S'agissant des installations du stockage de déchets inertes, le décret précise que l'autorité titulaire du pouvoir de police est le préfet (R. 541-65-1). Il modifie par ailleurs la teneur du dossier de demande d'autorisation d'exploitation d'une telle installation, qui doit désormais comprendre, le cas échéant, l'évaluation des incidences Natura 2000.
Le décret modifie les dispositions relatives à la tenue des registres par chaque intervenant dans la chaîne de traitement des déchets. Il modifie également les dispositions relatives au transport, au négoce et au courtage. Le décret précise par ailleurs les dispositions nécessaires à l'application du règlement du Parlement européen et du Conseil du 14 juin 2006 concernant les transferts transfrontaliers de déchets.
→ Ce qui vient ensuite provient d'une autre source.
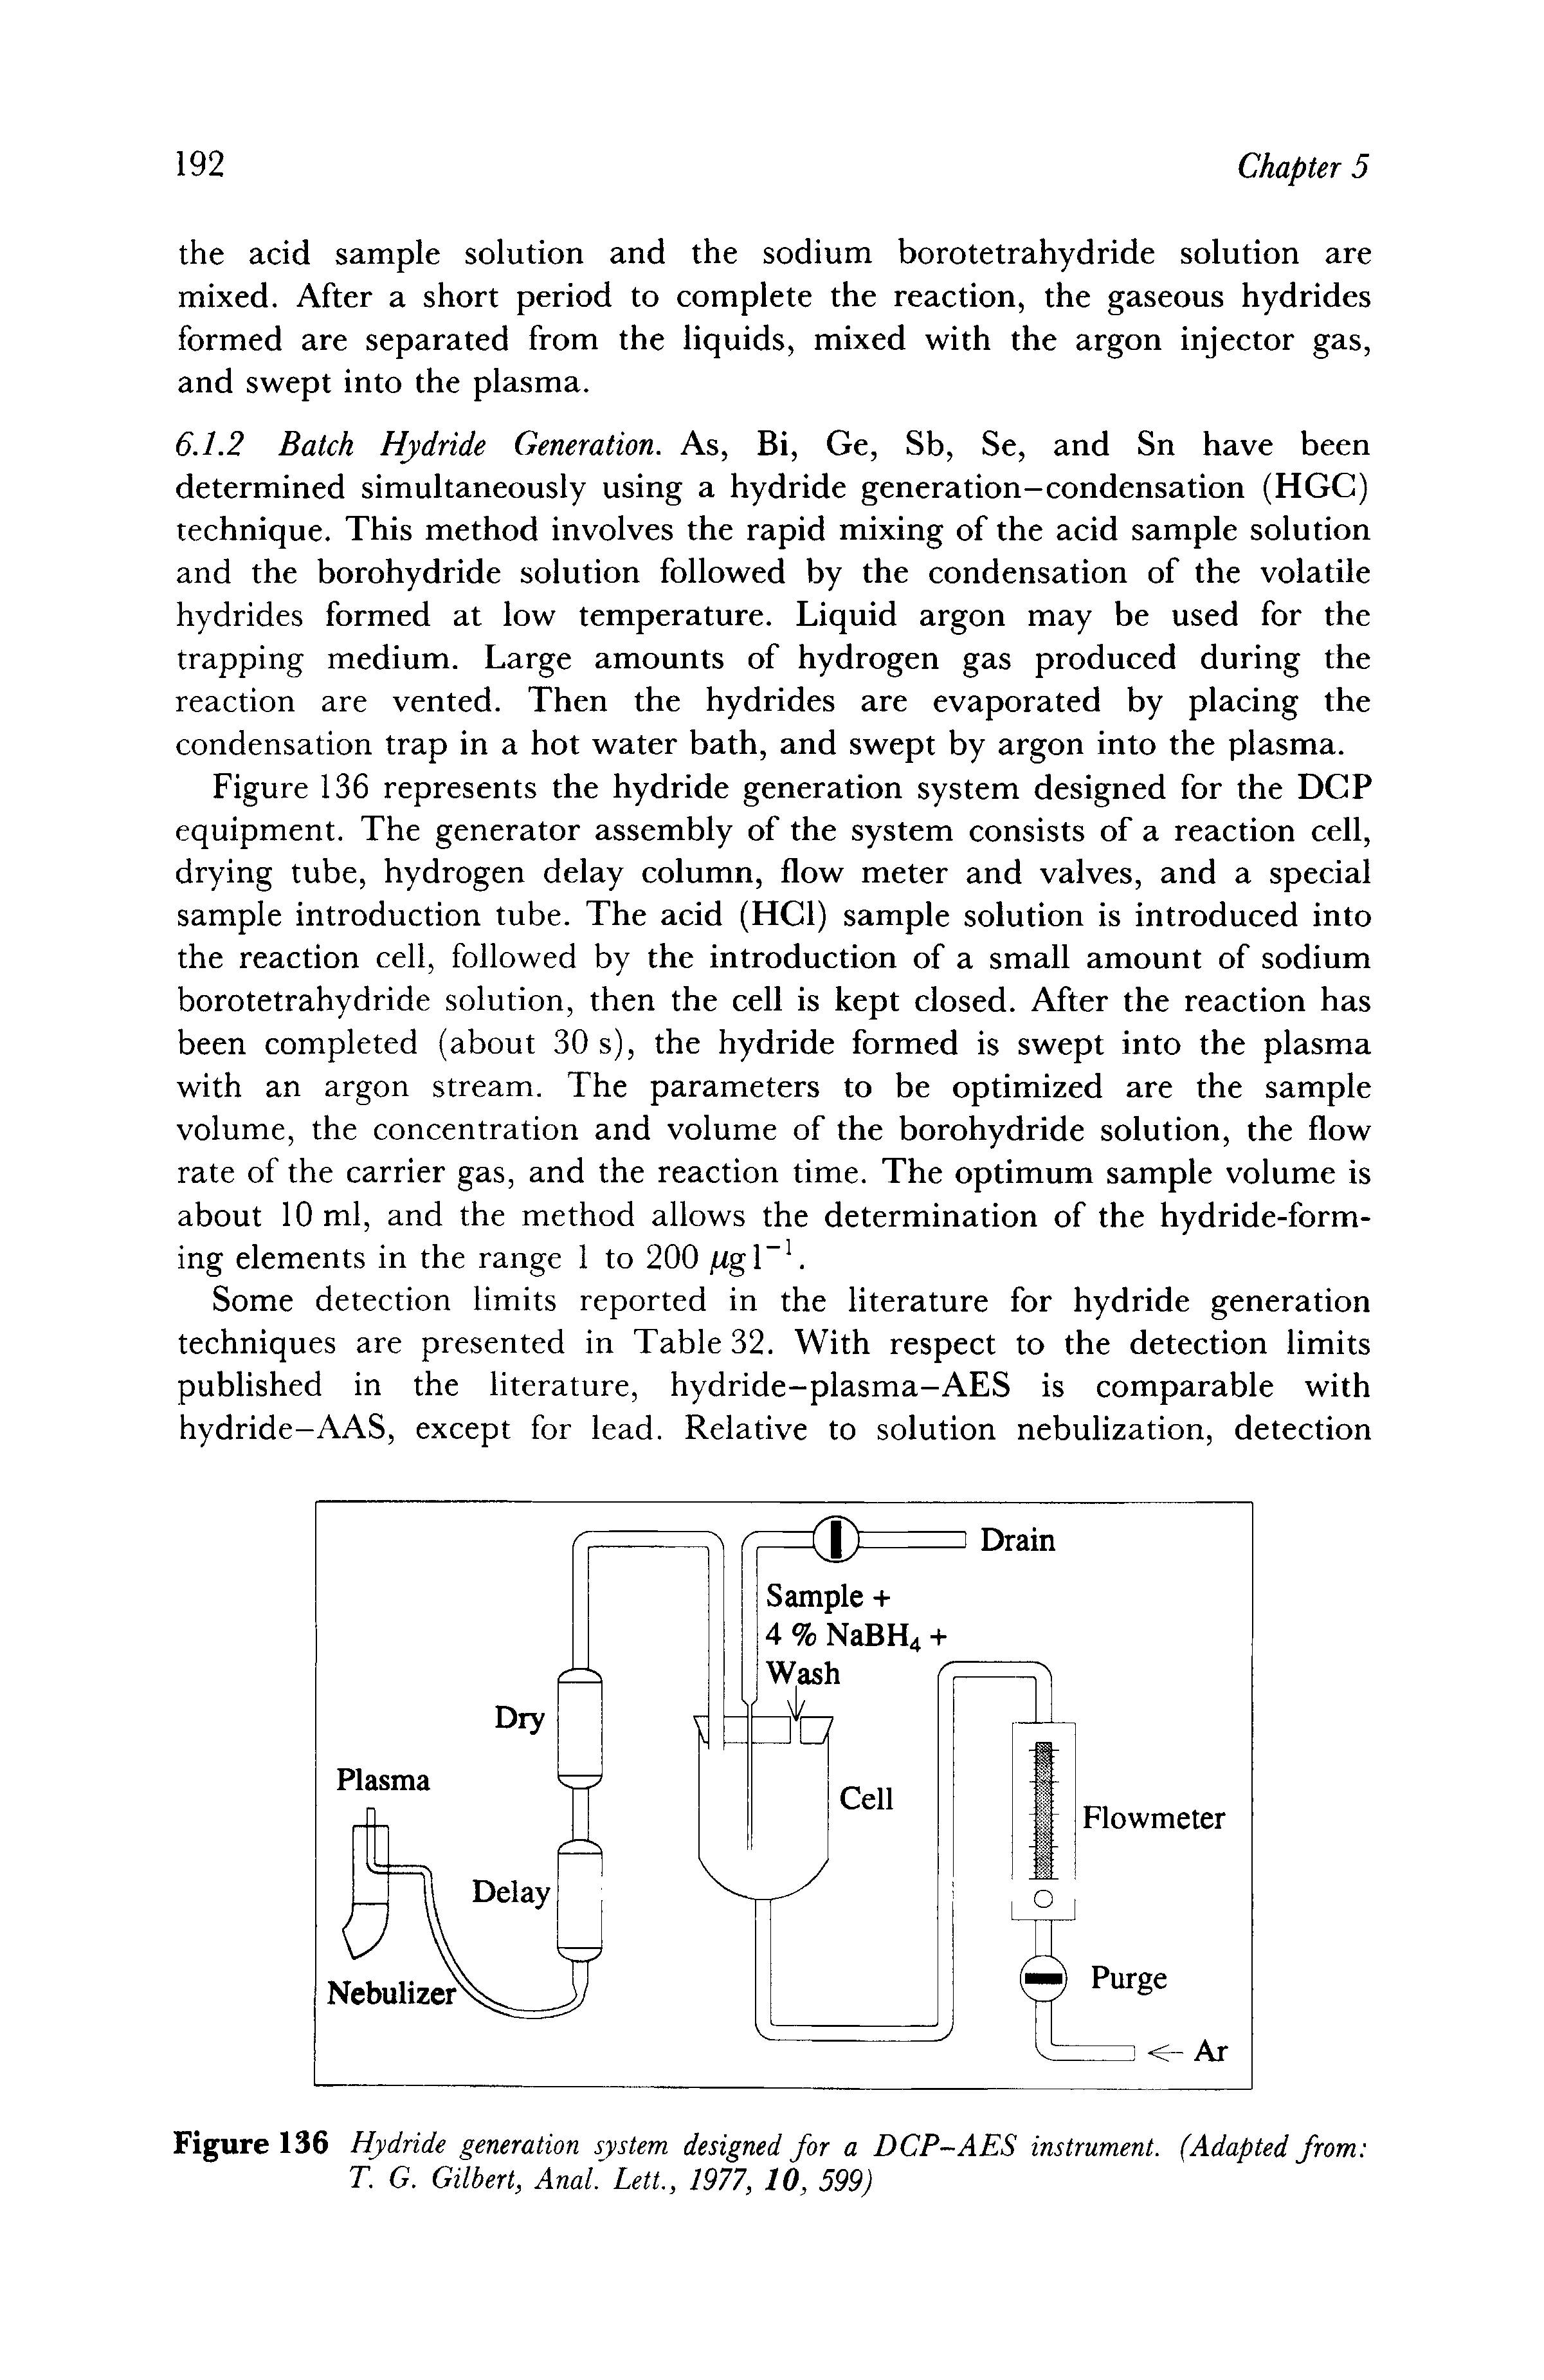 Figure 136 Hydride generation system designed for a DCP-AES instrument. (Adapted from T. G. Gilbert, Anal. Lett., 1977, 10, 599)...

Le présent décret est entré en vigueur le 12 juillet 2011, hormis ses dispositions relatives à la déclaration de certains transporteurs de déchets, aux installations de stockage de déchets inertes et aux garanties financières, qui entreront en vigueur le 1er juillet 2012. Les dispositions concernant la planification de la gestion des déchets en situation exceptionnelle, entreront en vigueur le 1er janvier 2013. A noter enfin, les plans régionaux ou interrégionaux de prévention et de gestion des déchets dangereux ainsi que les plans départementaux ou interdépartementaux de prévention et de gestion des déchets non dangereux en cours d'élaboration demeurent régis par les textes en vigueur avant la publication du décret, dans la limite d'un an.